La poesia che qui presento è nata nella mia fantasia lo scorso luglio, quando mi sono trovato a camminare con un amico sul crinale appenninico tra l’ eremo di Camaldoli (Arezzo) e il monte Falterona. Ricordo, di quei giorni, le notizie relative al caldo terribile che cingeva d’assedio le città italiane, giunto a toccare -in maniera comunque attenuata- la stessa provvidenziale foresta nella quale mi ero rintanato. All’amico con cui stavo percorrendo il crinale, nel silenzio profondo della montagna, ho mormorato a un certo punto: “chi più contento di me?”. L’avessi mai detto! eccole, infatti, all’improvviso, le mosche, col loro ronzio assordante, simile a quello delle vuvuzèlas; vale a dire le detestabili trombette che non poco ci hanno disturbato nel seguire le partite del campionato del mondo sudafricano… questo lo spunto da cui ha preso le mosse la poesia appena scritta. Scritta, peraltro, in perfetta sintonia con gli operai che, nel frattempo, stavano tinteggiando le pareti di casa mia: morbidi colpi di pennello da parte loro, zampillio di endecasillabi sul mio foglio; all’unisono, per un buon numero di ore, anzi; di giorni. Quelli che sono serviti a noi lavoratori per gli ultimi ritocchi di pennello e di lima (poetica).
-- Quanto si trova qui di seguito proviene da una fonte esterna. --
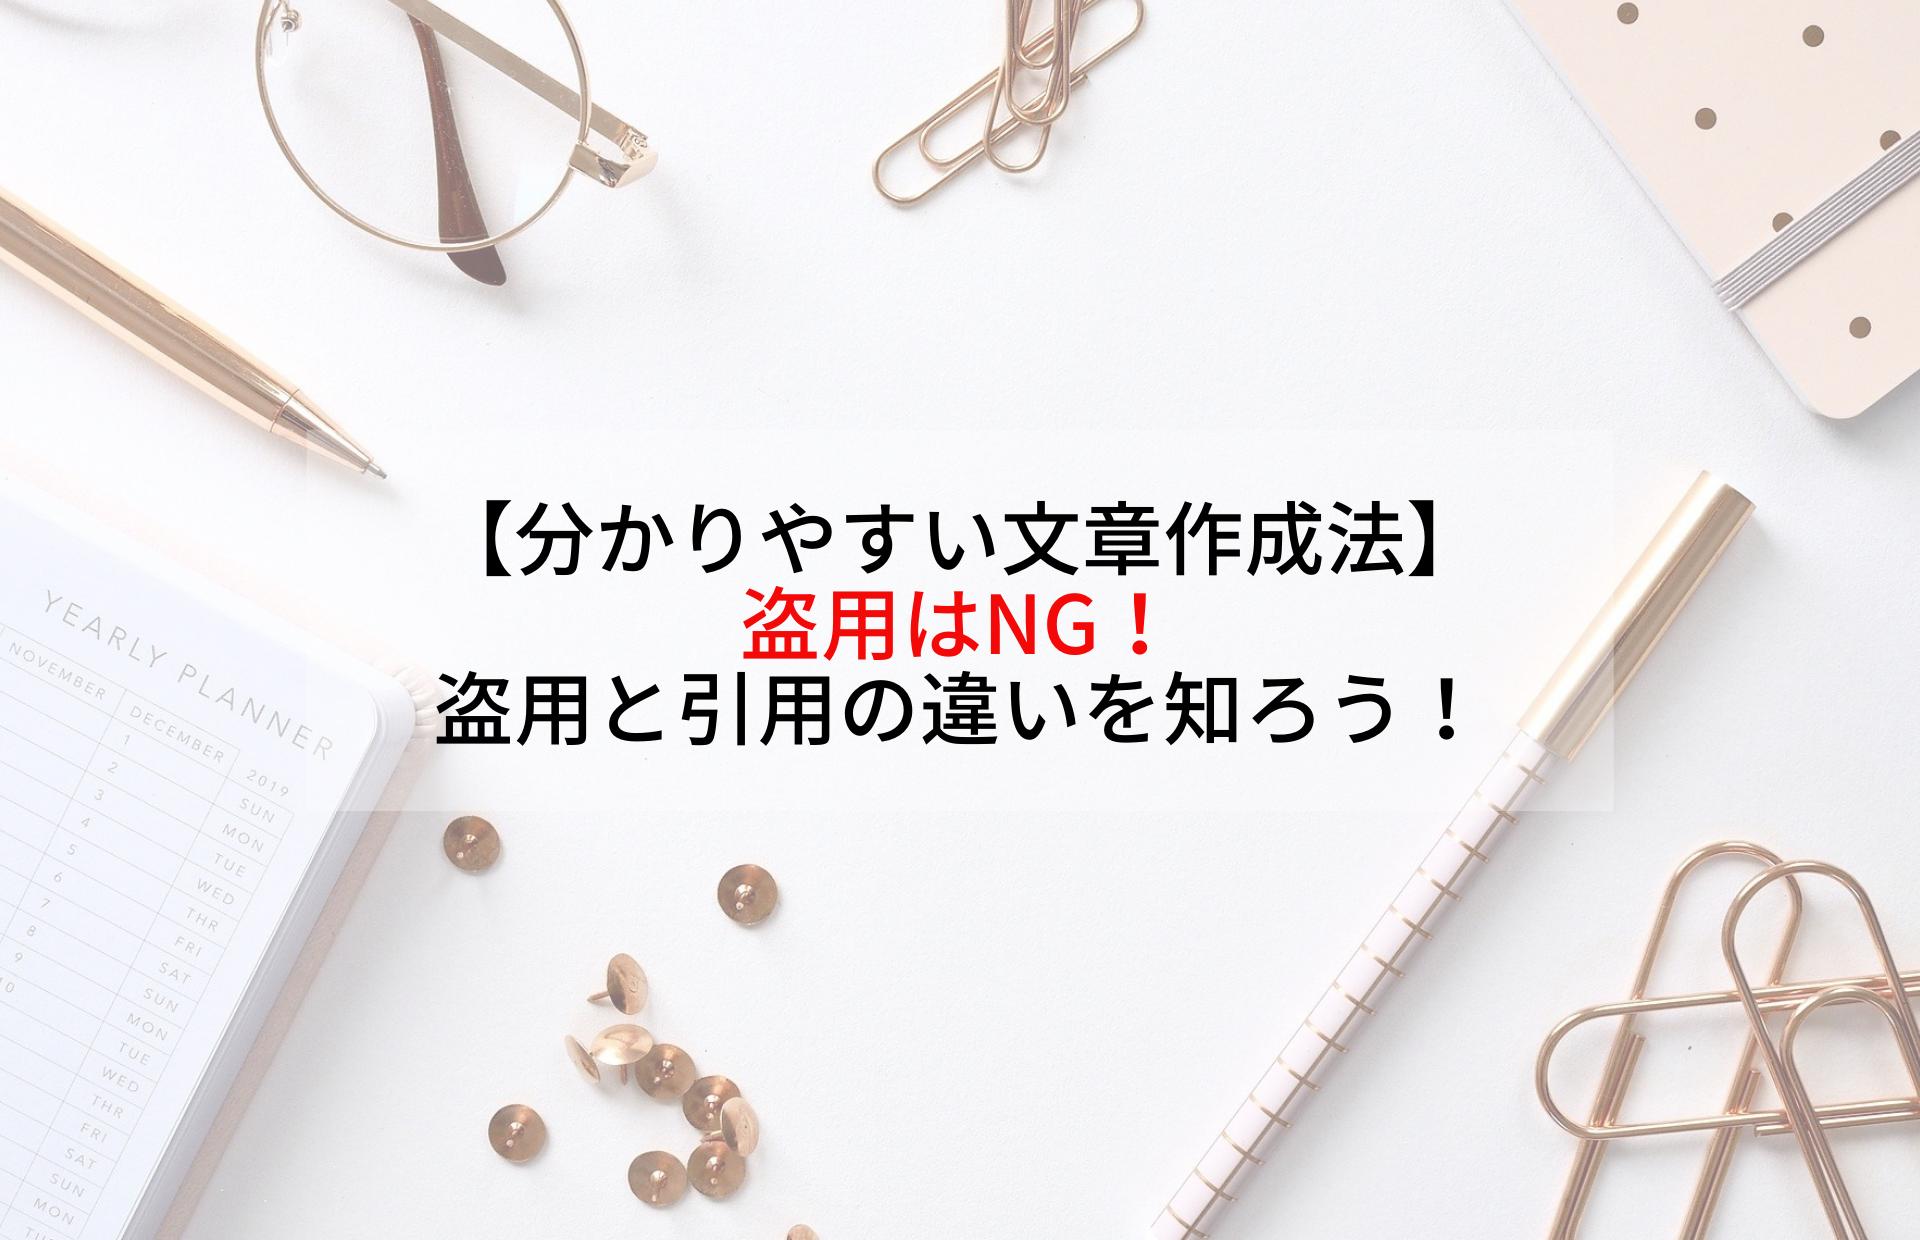 【分かりやすい文章作成法】盗用はNG!盗用と引用の違いを知ろう!

Ma ecco i miei versi:
NEL CREPUSCOLO
Dimmi, foresta: dove stiamo andando?
che rimarrà, del nostro Belpaese?
tu mi plachi, o foresta fitta e cupa
ma misericordiosa di Camàldoli!
però le mosche ronzano incessanti,
odiose vuvuzèlas all’attacco
dei timpani miei; rotti senza tregua
quassù, all’ombra di faggi secolari.
Trovarti, adesso, o Casentino, in peggio
cambiato; ché deserto, desolato
mi è apparso l’altra sera il caro ostello
vicino al passo dei Mandrioli: rapidi,
spietati tempi!
Sul crinale dov’è passato il Sommo
Poeta, sopra l’Ermo di Camàldoli,
scemando va l’accidia: un profumato
tetto di abeti bianchi mi difende
dall’africano, inferocito sole.
Salute a te, o venerando Castagno
Miraglia che da più di cinque secoli
vivi nella foresta di Camàldoli!
volgendoti le spalle nel crepuscolo
ho percepito, credo, un moto tuo
di affetto per noialtri condannati
alla stoltezza.
Andrea Mariotti, poesia inedita del 15 ottobre 2010
Un vero dono, caro amico, questa lirica dedicata alla foresta di Camaldoli, all’eremo, al passo del Casentino, alla quiete che in questi luoghi regna sovrana, restituendo alla natura le caratteristiche di ‘madre’ benigna. Bellissima la similitudine tra il ronzio assordante delle mosche e le trombette che stordiscono il nostro udito nel corso degli eventi sportivi e non solo. La sciatteria del luogo, in aderenza con la trascuratezza del tempo che viviamo, trascina di colpo noi lettori nella dimensione della natura matrigna, nella triste consapevolezza che non esistono isole incontaminate. La chiusa della splendida, ispiratissima poesia, fa da contrappunto introspettivo all’impegno civile. Restituisce dignità al luogo e al momento. Tra le foreste fitte di abeti volgi le spalle al crepuscolo, del giorno e della vita e, pulsando in sintonia con la natura, con il castagno, ricevi la grazia dell’ultimo sole, dimenticando per lunghi magici attimi quant’è povera cosa il vivere quotidiano e il nostro transito terreno. Grazie, Andrea, per questo autentico cammeo.
Caro Andrea,
molto improntata di “forte sentire” è questa tua poesia. L’interrogativo iniziale: “Dimmi, foresta: dove stiamo andando?”, mi sembra una domanda impostata a più livelli, da quello naturale a quello sociale. Ed allora ci sono le mosche, ci sono gli abeti bianchi, c’è il Castagno, ognuno con una immagine che ha valore per chi attraversa la foresta di Camaldoli, portando a riflettere sulla vita nell’aspetto più amplio.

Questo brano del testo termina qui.